In [1]:
import networkx as nx
from typing import List, Tuple, Dict
import random

from routing_game_utils import *

In [3]:
def mixed(
    G: nx.DiGraph,
    source_sink_pairs: List[Tuple[int, int]],
    latency_functions: Dict,
    max_iterations: int = 1000,
    learning_rate: float = .1,
    marginal_cost_pricing: bool = False,
    sensitivities: List[float] = None,
    verbose: bool = False
):
    # each player's strategy set is represented as a set of available paths from their source to their sink
    paths = get_strategy_sets(G, source_sink_pairs)
    num_players = len(source_sink_pairs)

    # start with no bias for any particular strategy
    logits = [np.array([1.0 for _ in range(len(player_path))]) for player_path in paths]

    # for each player, initialize to random strategy
    random.seed(10)
    current_flow = [random.randint(0, len(paths[player_idx]) - 1) for player_idx in range(num_players)]

    if verbose:
        print('paths ', paths)
        print('starting flow ', current_flow)
        
    iteration = 0

    # debugging information, to make sure players are picked uniformly at random
    picked_players = [0 for _ in range(num_players)]

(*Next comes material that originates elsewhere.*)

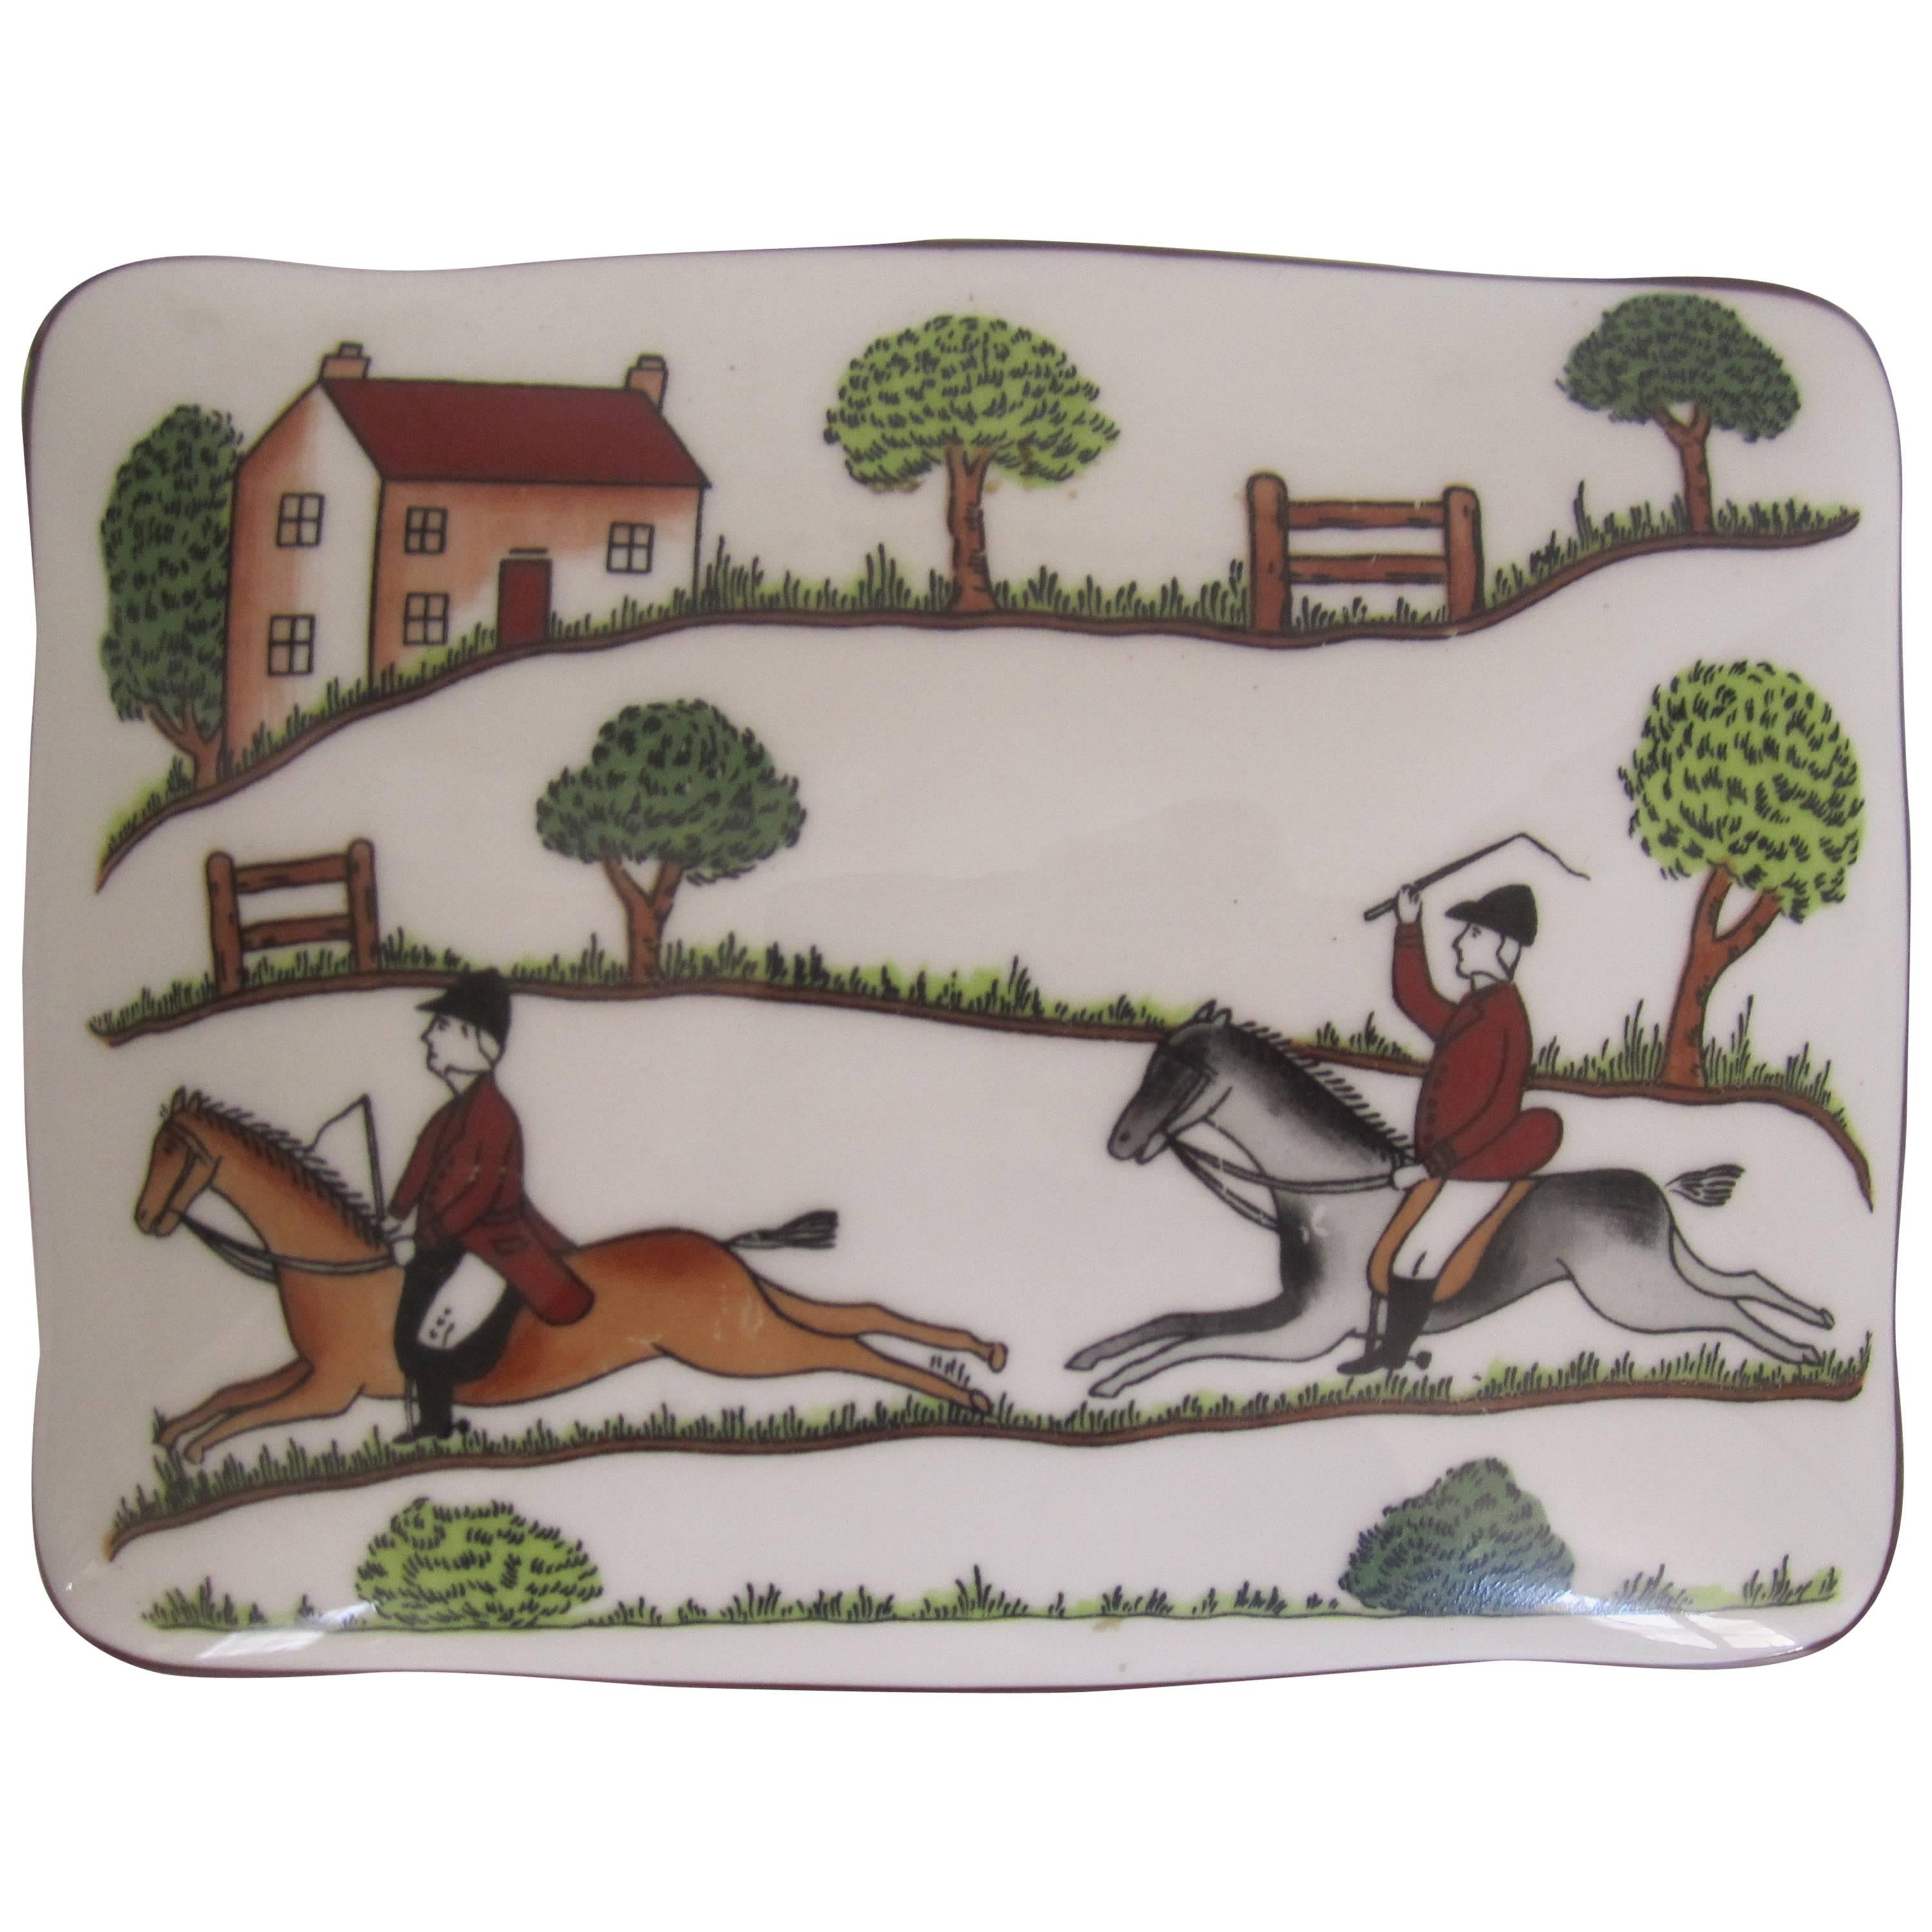 Equestrian Horse Hunting Scene Box in the Style of Hermès

    historical_avg = [0 for _ in range(num_players)]
    
    while iteration < max_iterations:
        
        if verbose:
            print('-' * 8, 'starting round: ', iteration, '-' * 8)
        iteration += 1

        # previous flows, latencies

        # TODO: can we reduce the amount of times this calculation is called so it's more efficient?
        if (marginal_cost_pricing):
            f_e, player_latencies, total_latency = calculate_edge_flows_taxed(paths, current_flow, latency_functions, sensitivities)
        else:
            f_e, player_latencies, total_latency = calculate_edge_flows(paths, current_flow, latency_functions)
        player_idx = random.randint(0, num_players - 1) # pick a random player
        picked_players[player_idx] += 1

        # get previous latency/path
        prev_latency = player_latencies[player_idx]
        prev_path_idx = current_flow[player_idx]
        prev_path = paths[player_idx][prev_path_idx]

        alpha = 0.2
        prev_utility = -1 * prev_latency

        # update the historical average
        historical_avg[player_idx] = (1 - alpha) * historical_avg[player_idx] + alpha * prev_utility
        
        # construct a new flow
        mixed_strat = softmax(logits[player_idx]) # get a player's mixed strategy from their logits

        # even if we were at the best move, and we pick a worse alternative
        # what would happen is that we would evaluate the alternative to be bad, lower its probability of happening
        # then maybe go back to the best, which by virtue of being the best, we would increase its probability of happening again
        # this way, good moves get rewarded, bad moves get punished probabilistically
        alternative_path_idx = sample_move_skip_index(mixed_strat, prev_path_idx) # pick some alternate move (no point of repeating current move)
        alternative_path = paths[player_idx][alternative_path_idx]
        if sensitivities:
            s_i = sensitivities[player_idx]
        else:
            s_i = 1

        # debugging information
        if verbose:
            print('picking player', player_idx)
            print('previous latency', prev_latency)
            print('prev path idx', prev_path_idx)
            print('alternative path idx', alternative_path_idx)
            print('alternative_path')

        # develop alternative path
        hypothetical_f_e = f_e.copy()
        demand = 1 # treat each player as controlling 1 unit of demand

        # constructing the alternative flow
        # step 1: Remove player's demand from the path's edges they are currently using
        for i in range(len(prev_path) - 1):
            edge = (prev_path[i], prev_path[i + 1])
            hypothetical_f_e[edge] -= demand

        # step 2: Add player's demand to alternative path edges
        for i in range(len(alternative_path) - 1):
            edge = (alternative_path[i], alternative_path[i + 1])
            hypothetical_f_e[edge] = hypothetical_f_e.get(edge, 0) + demand

        # step 3: Compute latency for the alternative path
        alternative_latency = 0
        for i in range(len(alternative_path) - 1):
            edge = (alternative_path[i], alternative_path[i + 1])
            congestion = hypothetical_f_e[edge]
            f, f_prime = latency_functions[edge]
            if marginal_cost_pricing:
                latency = f(congestion)
                tax = congestion * f_prime(congestion)
                edge_latency =  latency + s_i * tax
            else:
                edge_latency = f(congestion)
            alternative_latency += edge_latency
        
        alternative_util = -1 * alternative_latency

        # get difference between alternative utility and current utility
        # utility is -1 * latency
        # give logit a positive increase for good delta where alternative utility increased
        delta = alternative_util - historical_avg[player_idx]

        # debugging data
        if verbose:
            print('delta', delta)
            print('old logits: ', logits[player_idx])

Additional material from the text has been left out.